Below we will break down some of the key risk management takeaways we got from the episode as well as the comparisons that resonated with us the most.Image
1. Restaking has a variation of liquidation cascade risk within a pseudo-PoS system, IF assets are rehypothecated RATHER than isolated. Imagine if an operator pledged stETH to multiple AVSs, got slashed for manipulating one service & then ensured that there was no economic security left to defend the remaining AVSs that they were also securing.
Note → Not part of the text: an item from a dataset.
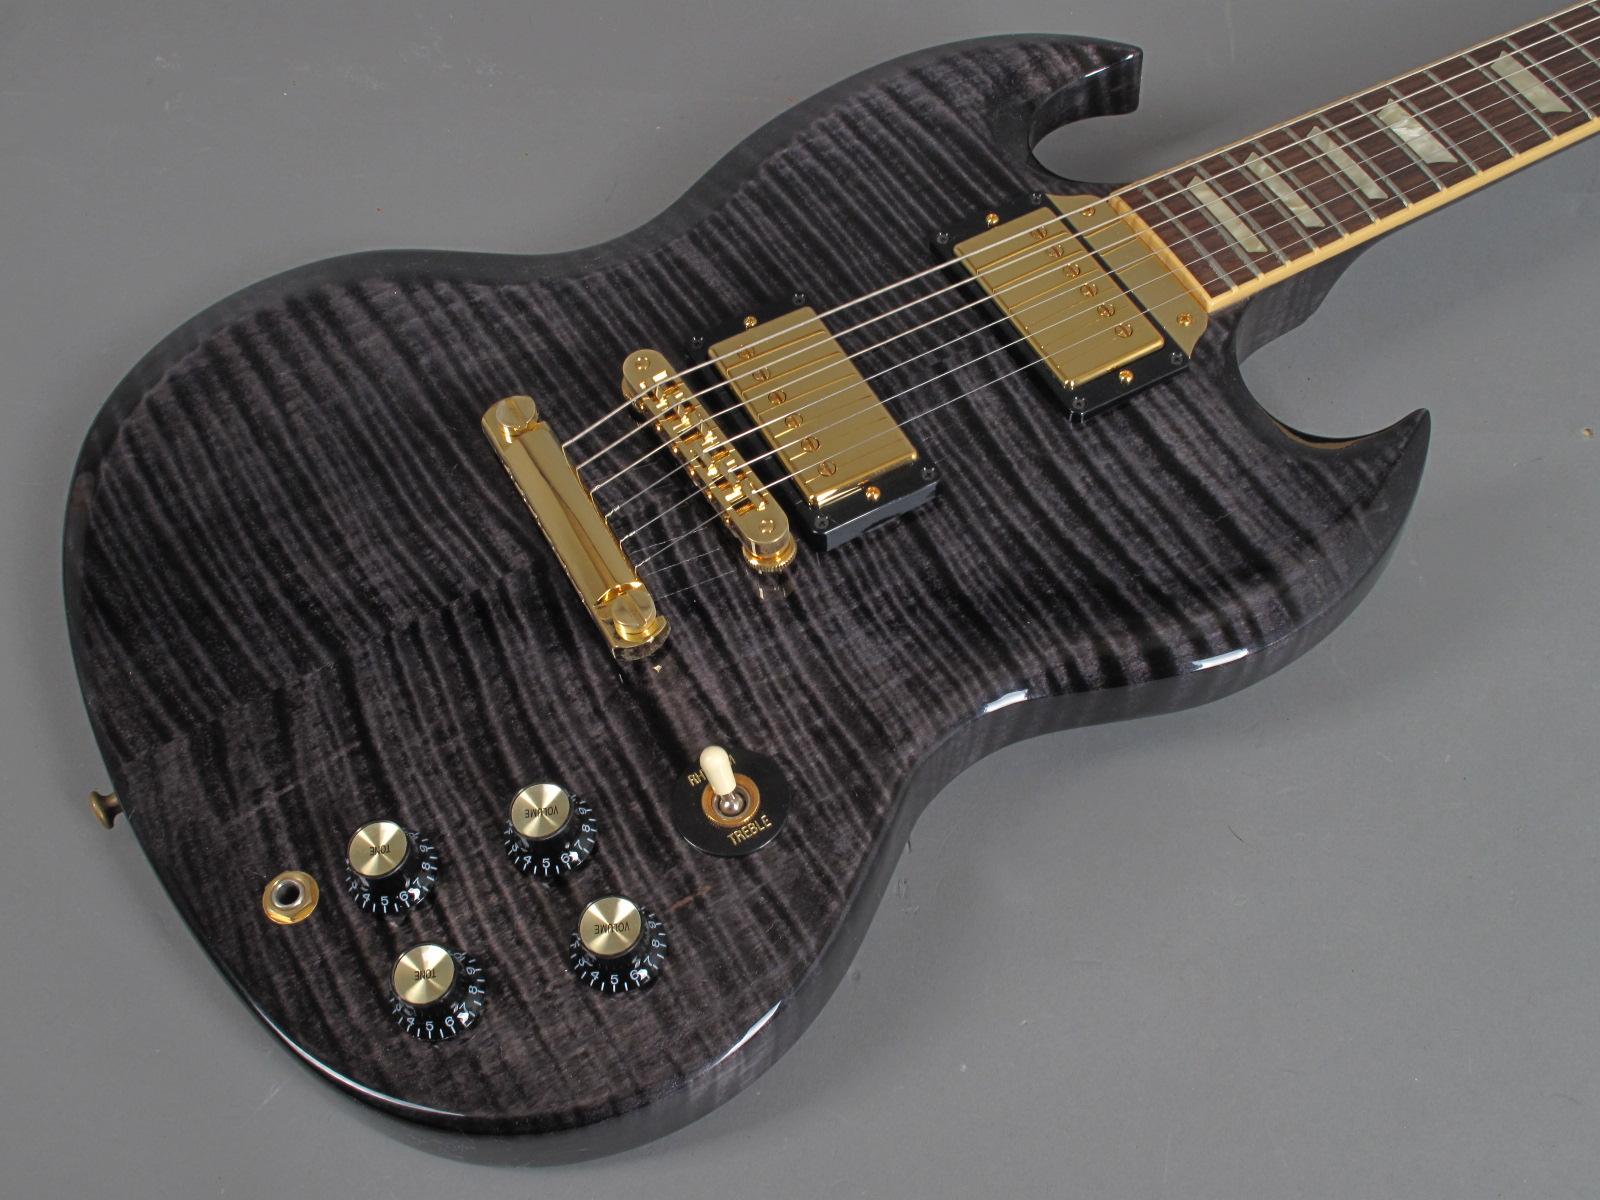 https://guitarpoint.de/app/uploads/products/2007-gibson-sg-select-translucent-black/Gibson-SG-Select-TBK-7.jpg

Eigenlayer has designed their system to allow AVSs to set a "Unique Stake" ratio minimum bound, that ensures that a portion of the restaked security is NOT also securing another AVS - a ratio that Tarun hopes to find a Goldilocks Zone for - the perfect balance between security & capital efficiency. Read more here if you are a genius

gauntlet.xyz/resources/how-…
2. There will be two types of delegation strategies within restaking, one that involves delegating your stake to post-revenue services (oracles, L2 sequencers) which should more closely resemble credit investing with steady, predictable coupons. The other delegation strategy involves providing security to nascent AVSs with higher yield paid out in a percentage of their token supply, which looks a lot more like venture capital. An area that we will be watching closely is how the top LRTs plan to distribute yield - if AVS rewards are immediately sold into ETH for compounding, stakers will take a more certain yield, but will lose out on the upside potential from the AVSs that they secure.